Speech by SEC Chairman:
Opening Statement at SEC Open Meeting: Item 2 — Security Ratings


Chairman Mary Schapiro

U.S. Securities and Exchange Commission

Washington, D.C.
July 26, 2011

Next, we will consider adopting rules that would replace credit ratings as a condition for companies seeking short-form registration when registering certain securities for public sale. If a company qualifies for short-form registration, it can offer its securities “off the shelf” — which is an expedited process for offering securities.

These rules, which were proposed in February, are being considered in light of the requirements of Section 939A of the Dodd-Frank Act — a provision that requires regulators to reduce reliance on credit ratings. Today’s action is part of the Commission’s effort to do just that.

In the securities arena, Forms S-3 and F-3 are the “short forms” used by eligible issuers to register securities offerings under the Securities Act. By using these forms, these issuers can rely on other reports they file to satisfy many of the disclosure requirements under the Securities Act.

Currently, one of the ways that a company can qualify to use these forms is if they are registering an offering of non-convertible securities that have received an investment grade rating by at least one nationally recognized statistical rating organization (NRSRO).

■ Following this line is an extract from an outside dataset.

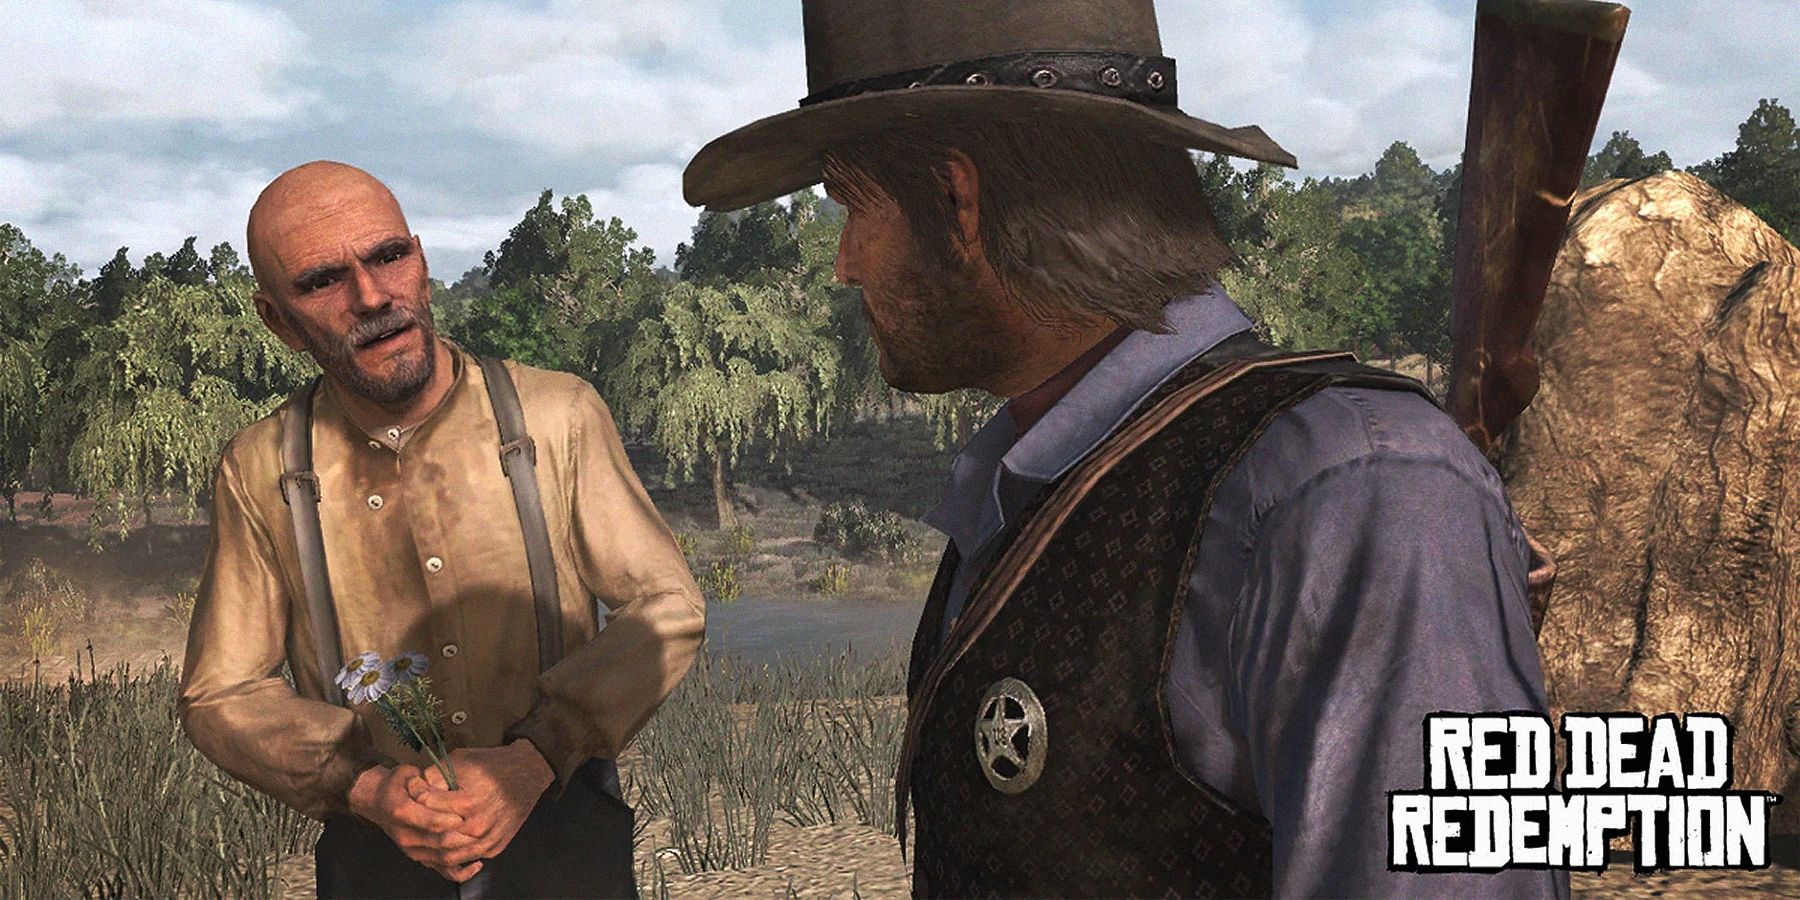 What Happens Between Red Dead Redemption's Big Years
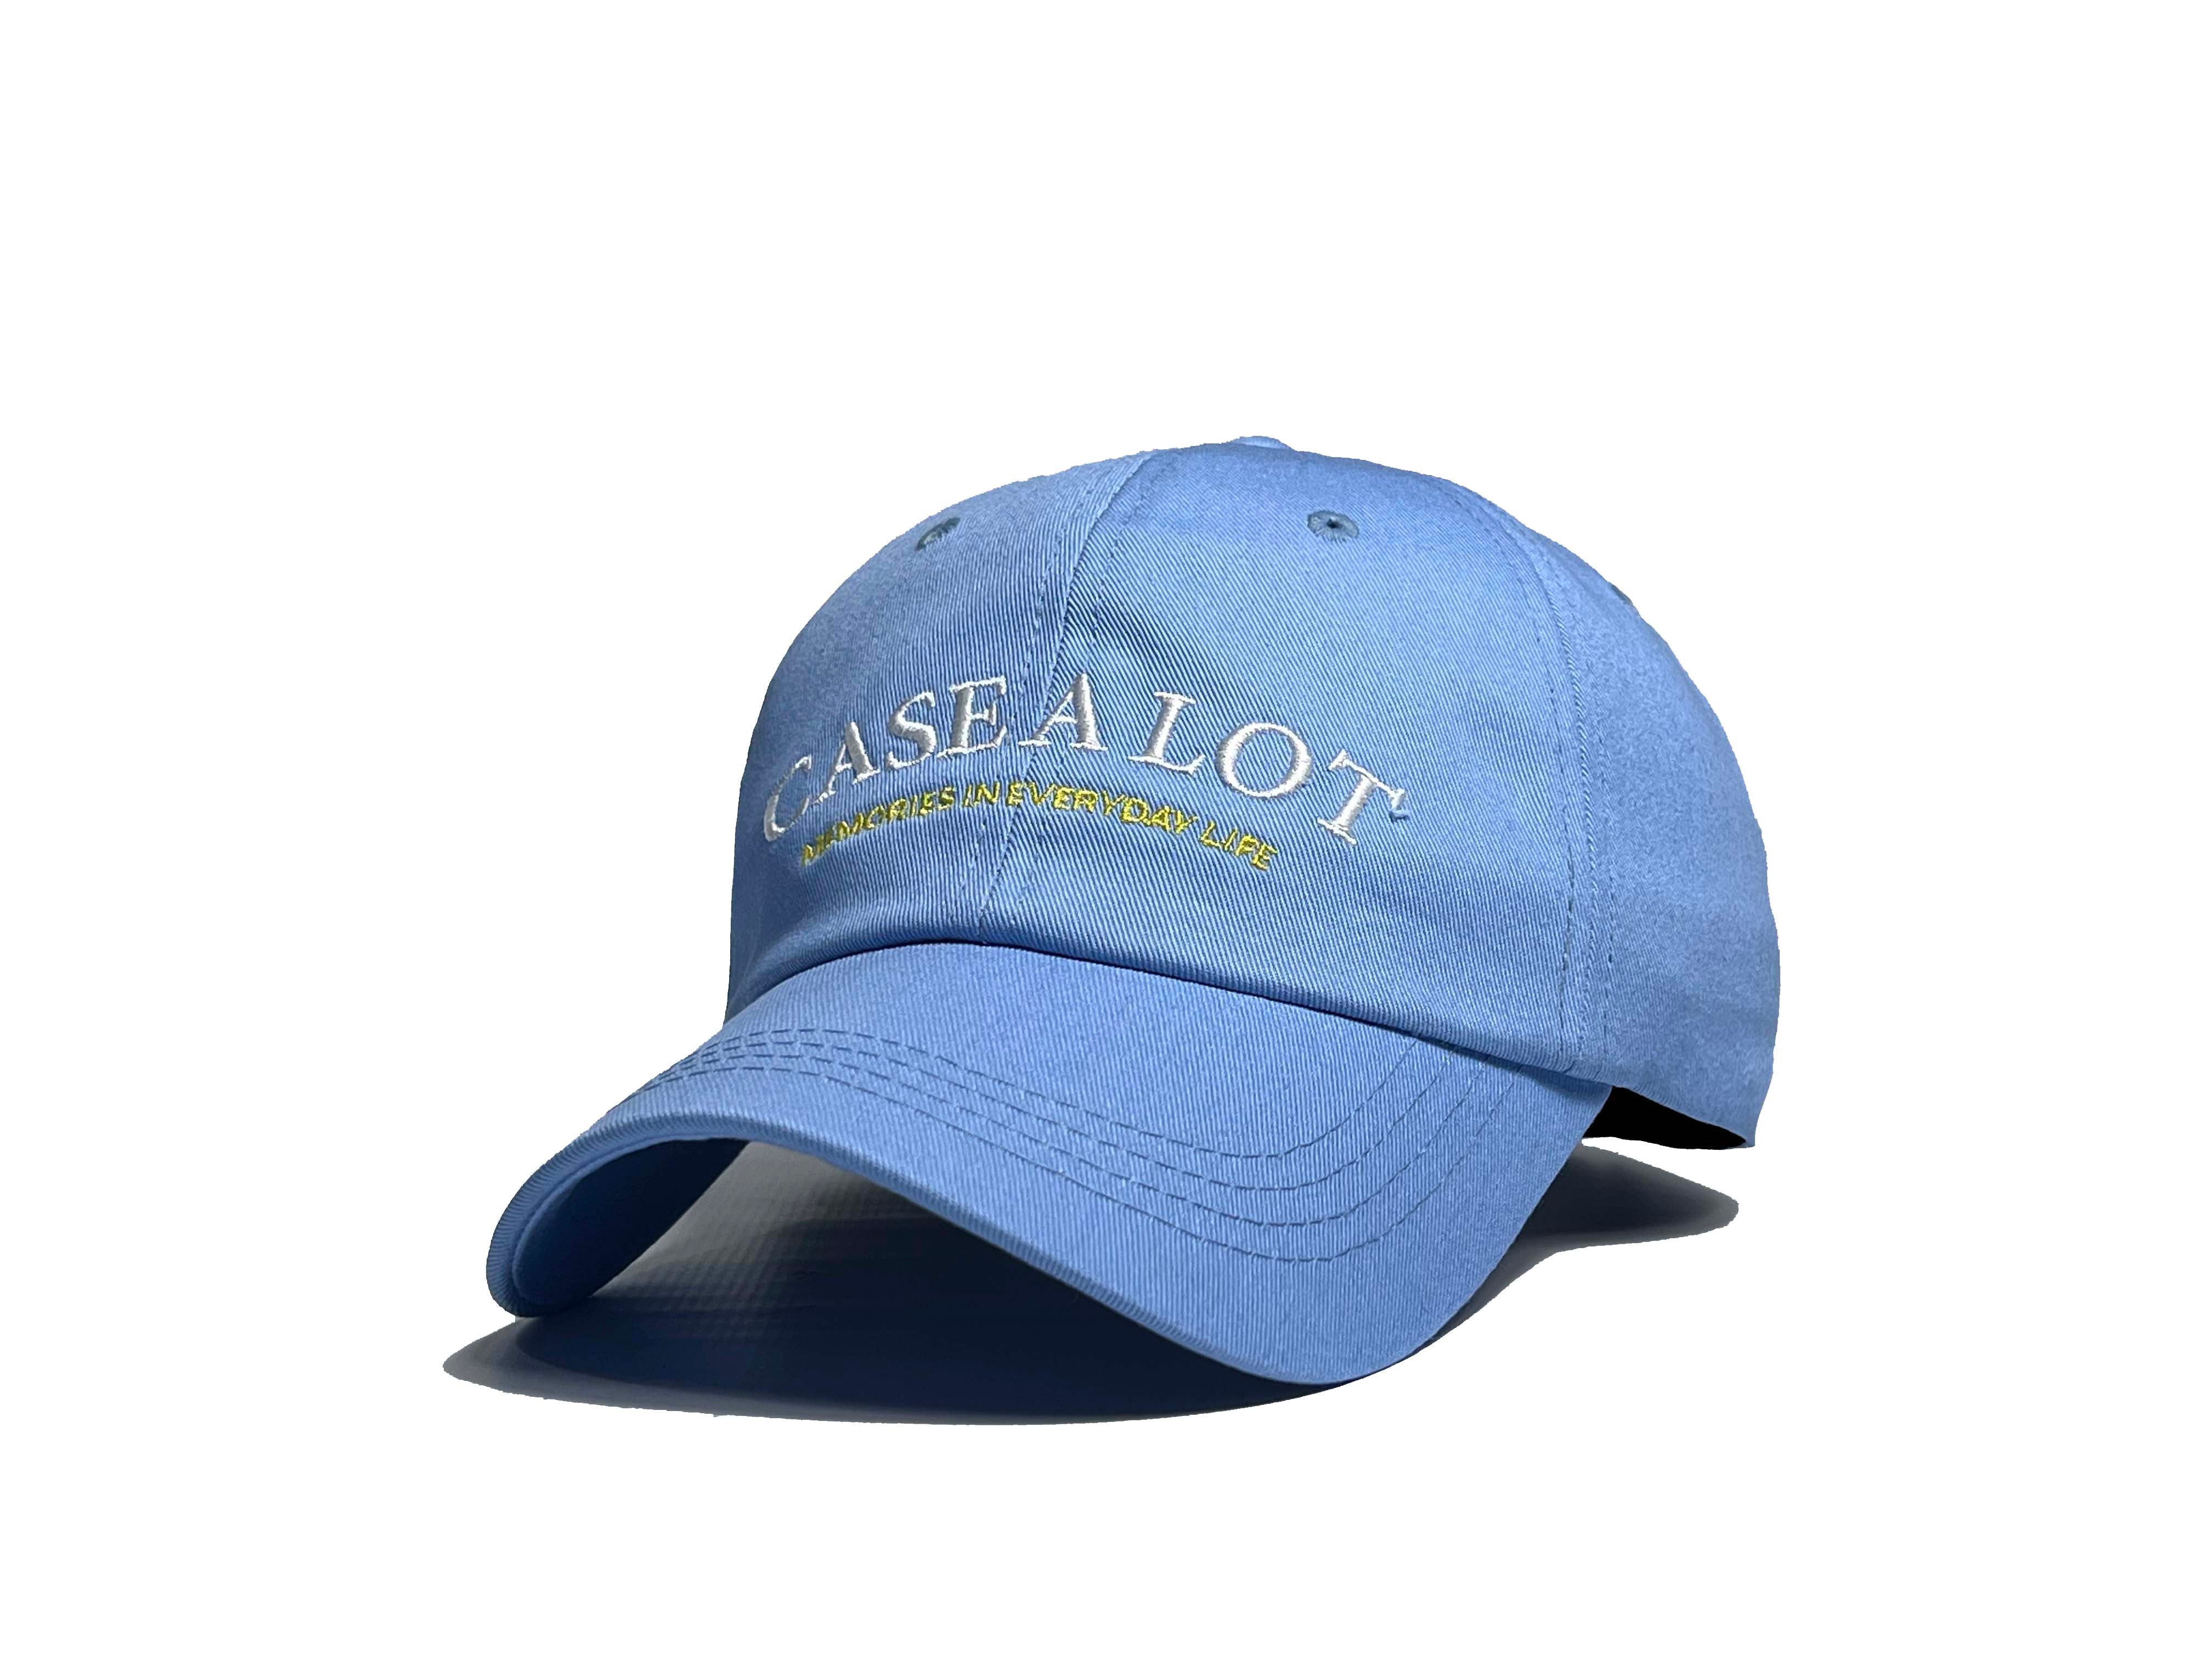 Arch logo ball cap - Sky blue

The rules being considered today would eliminate this eligibility test and replace it with four new tests, which the staff will describe shortly. In order to ease transition to the new rules, the rules also would include a temporary, three-year grandfather provision.

We received valuable input from commentators on the proposing release, and I believe the amendments we are considering are better as a result. I believe the rules will provide an appropriate and workable alternative to credit ratings for determining whether an issuer should be able to use short form registration and have access to the shelf offering process.

With the changes that we are making from the proposal, we expect just about all issuers that currently could rely on the existing test would be able to qualify for the revised forms.

In addition, we also are considering rescinding Form F-9 under the Securities Act because we believe that regulatory developments in Canada have rendered that form unnecessary. And we are contemplating changes to several other rules that would be needed in light of the new eligibility criteria.

I would like to thank the staff of the Division of Corporation Finance, specifically, Meredith Cross, Paula Dubberly, Felicia Kung, Blair Petrillo, Paul Dudek, Mike McTiernan and Justin Kisner. From the Division of Investment Management, I would like to thank Susan Nash, Bill Kotapish, Keith Carpenter and Michael Kosoff. From the Office of General Counsel, I would like to thank David Fredrickson, Rich Levine and Bryant Morris. And from the Division of Risk, Strategy and Financial Innovation, I would like to thank Craig Lewis, Scott Bauguess, and Ayla Kayhan.

Finally, I would like to thank the other Commissioners and all of our counsels for their collaborative work and comments. Now I’ll turn the meeting over to Meredith Cross, Director of the Division of Corporation Finance.